▼

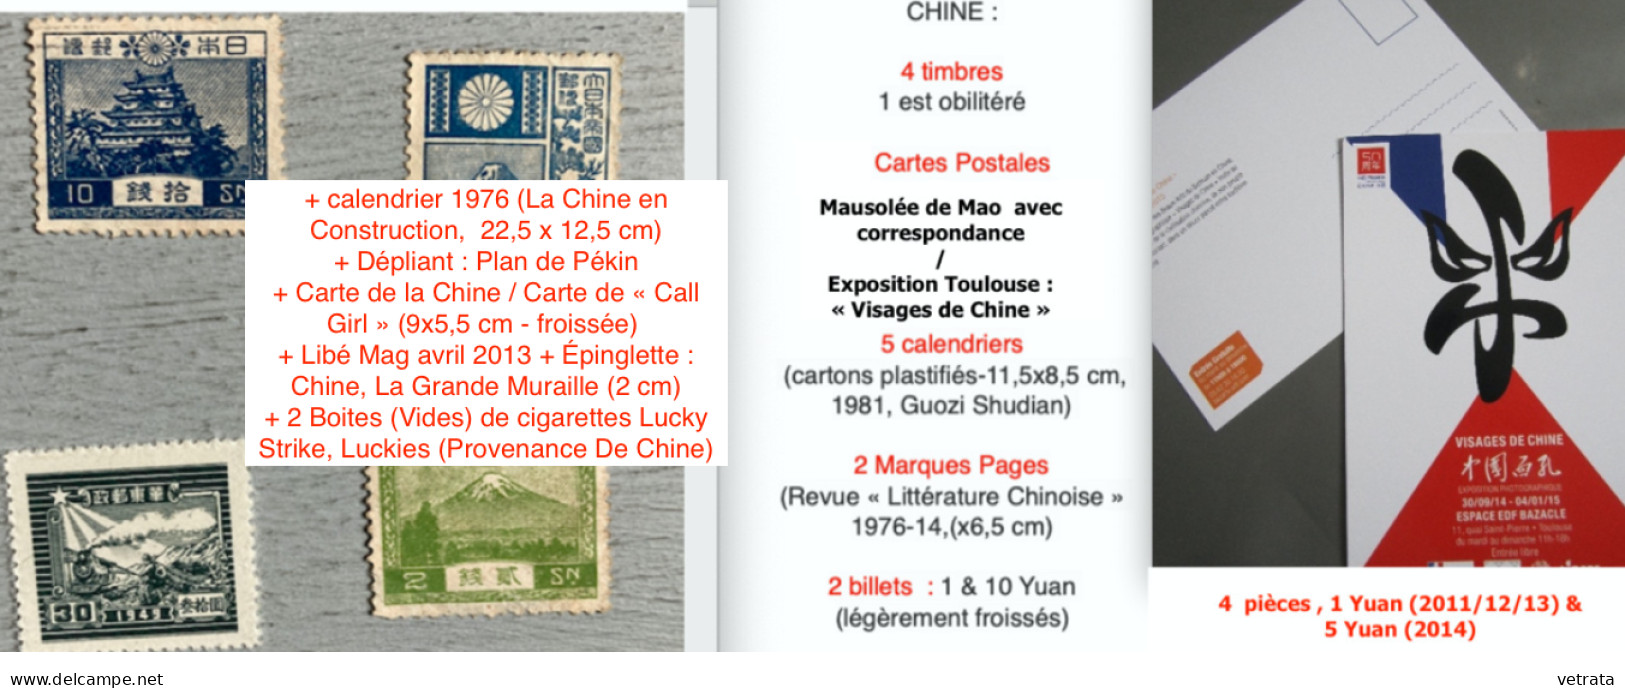 CHINE : 1 Album, 1 Guide & 1 Revue. CHINE (Larousse-Monde & Voyages-1988) / Guide Hachette Visa : À Pékin & En Chine, 19 - Wholesale, Bulk Lots
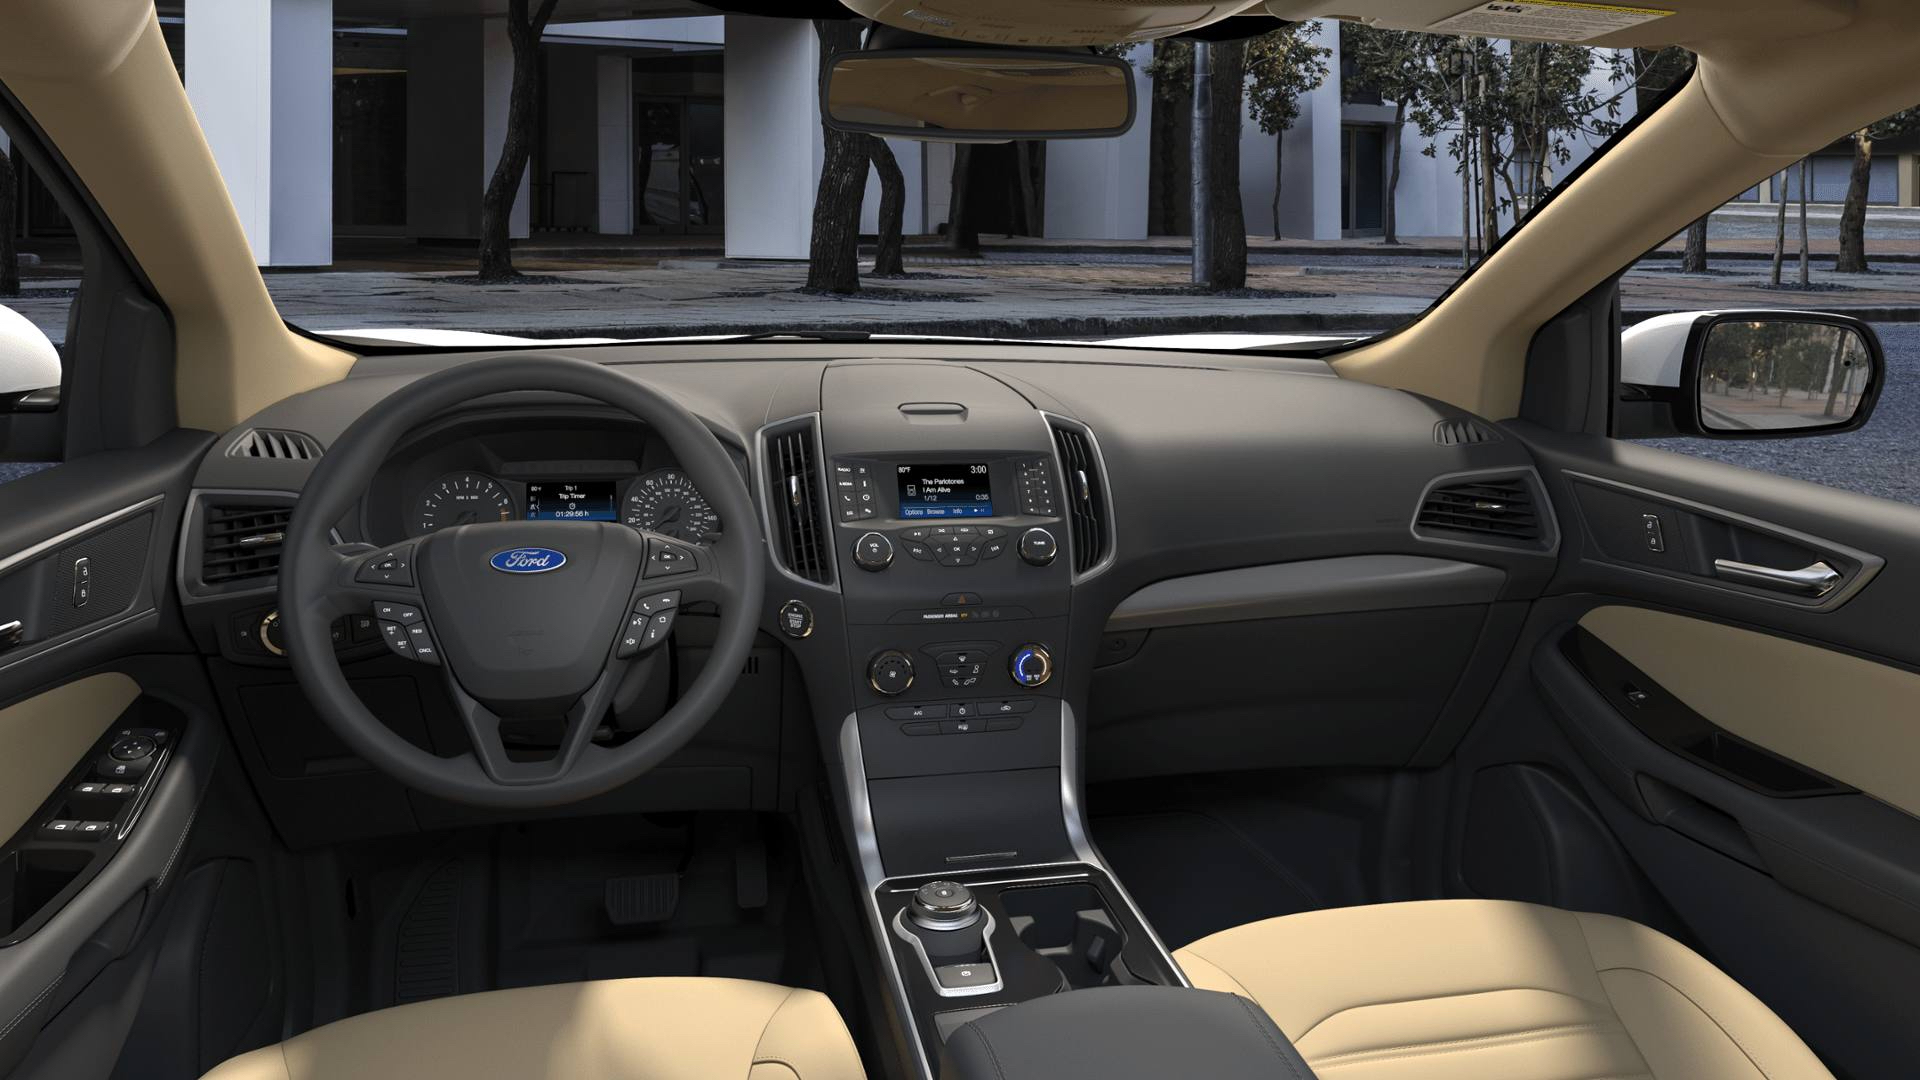 2019 Ford Edge Interior Colors
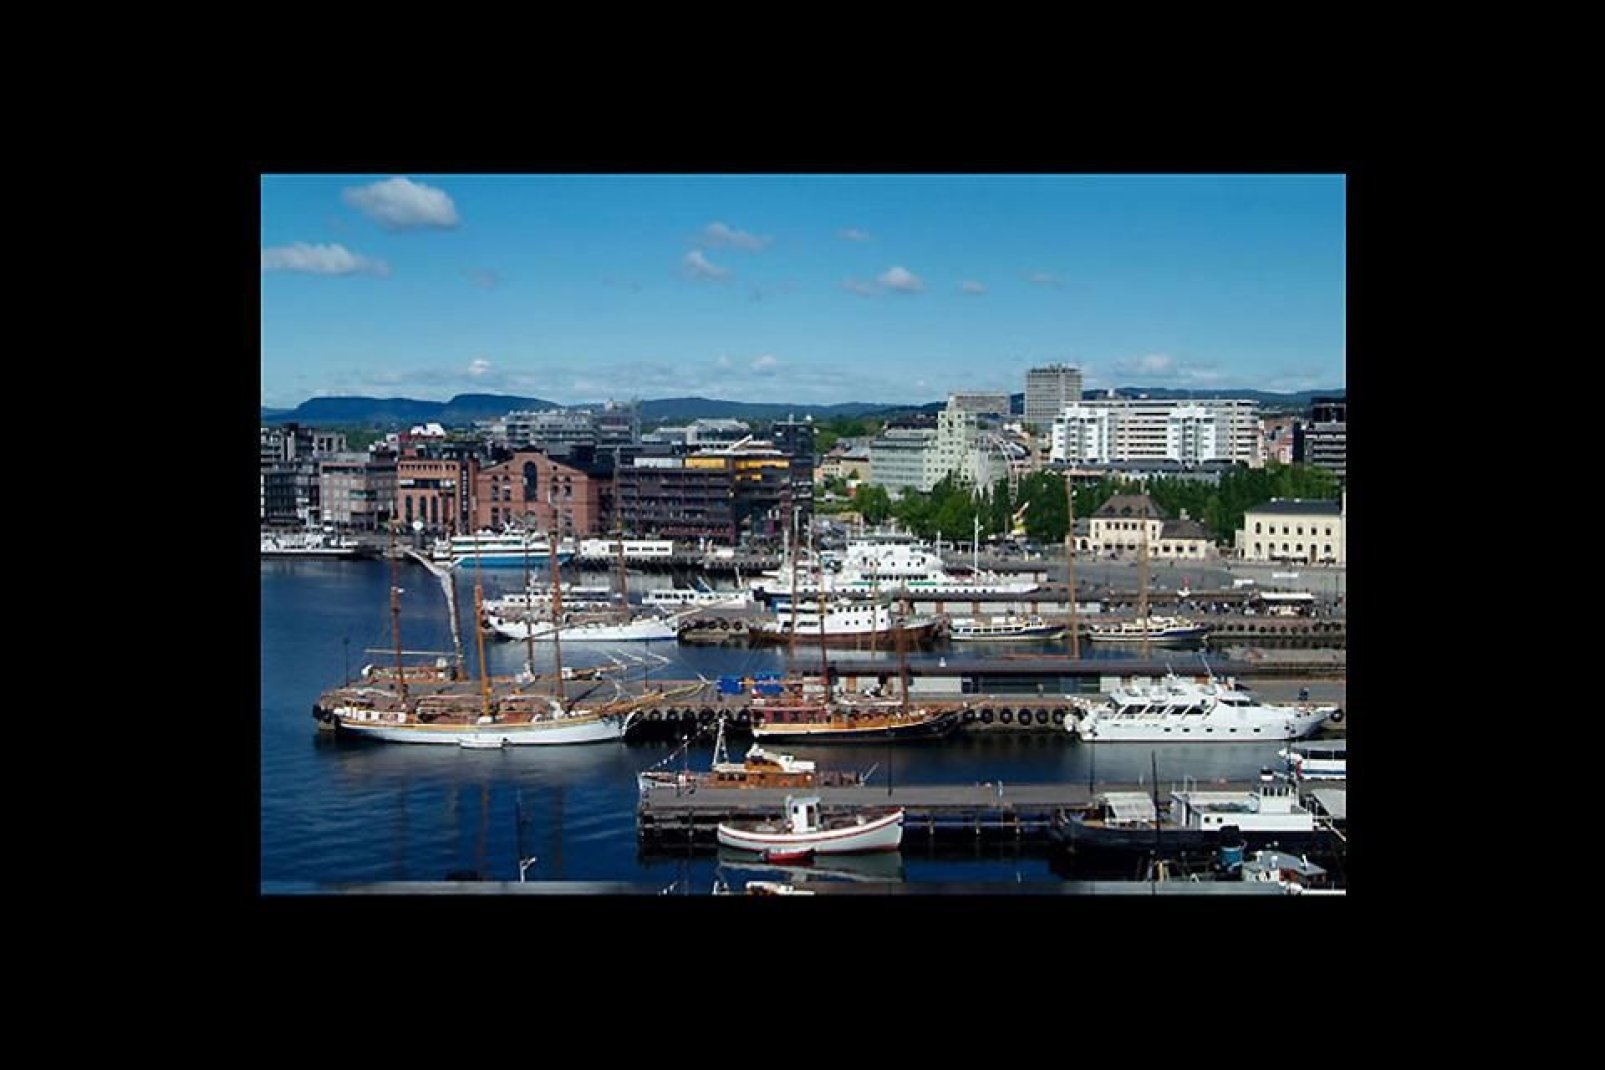 Oslo ist mit knapp 600.000 Einwohnern die bevölkerungsreichste Stadt und Hauptstadt Norwegens.
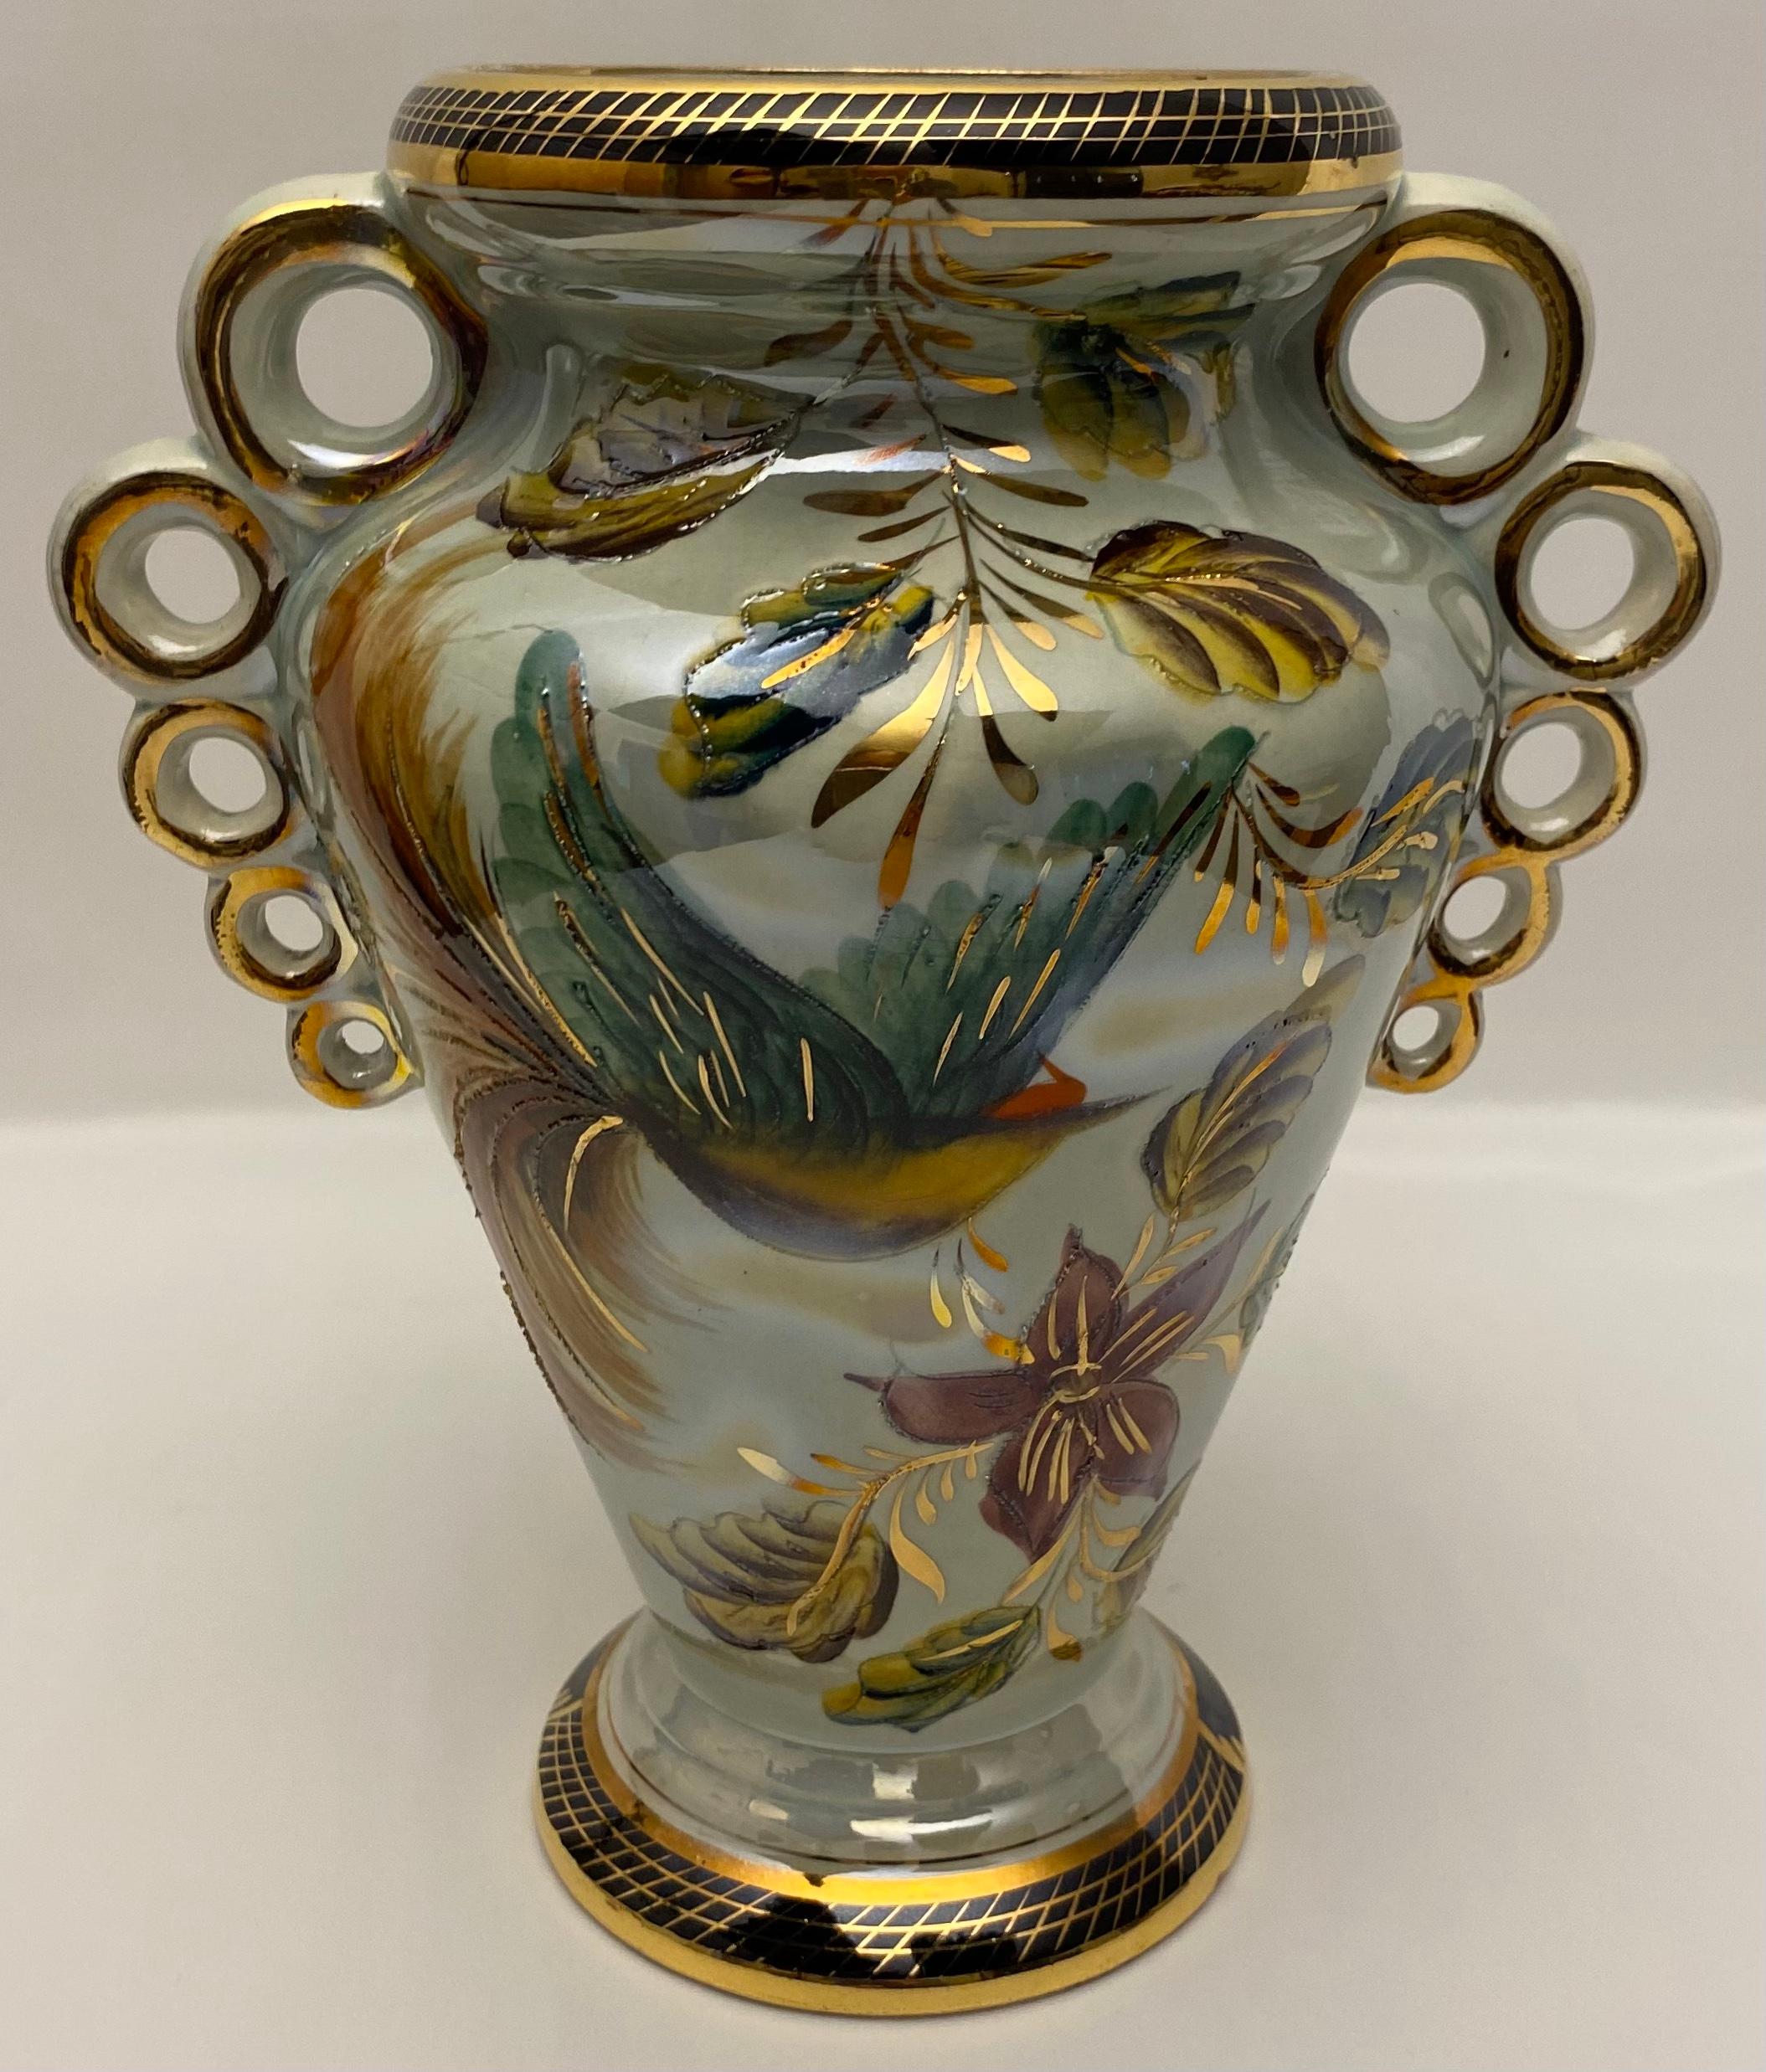 Vase à motif floral en porcelaine de couleur céladon, par H. Bequet Quaregnon, Belgique, vers 1940. Ce vase décoratif s'intègre parfaitement dans un grand nombre de styles d'intérieur. 

Ce vase céladon et or est fortement décoré d'un motif

▲

**Exercise description**. What is needed here is an exact copy of all the entries, without the pictures.

**Result of this exercise**.
 CHINE : 1 Album, 1 Guide & 1 Revue. CHINE (Larousse-Monde & Voyages-1988) / Guide Hachette Visa : À Pékin & En Chine, 19 - Wholesale, Bulk Lots
 2019 Ford Edge Interior Colors
 Oslo ist mit knapp 600.000 Einwohnern die bevölkerungsreichste Stadt und Hauptstadt Norwegens.
 Vase à motif floral en porcelaine de couleur céladon, par H. Bequet Quaregnon, Belgique, vers 1940. Ce vase décoratif s'intègre parfaitement dans un grand nombre de styles d'intérieur. 

Ce vase céladon et or est fortement décoré d'un motif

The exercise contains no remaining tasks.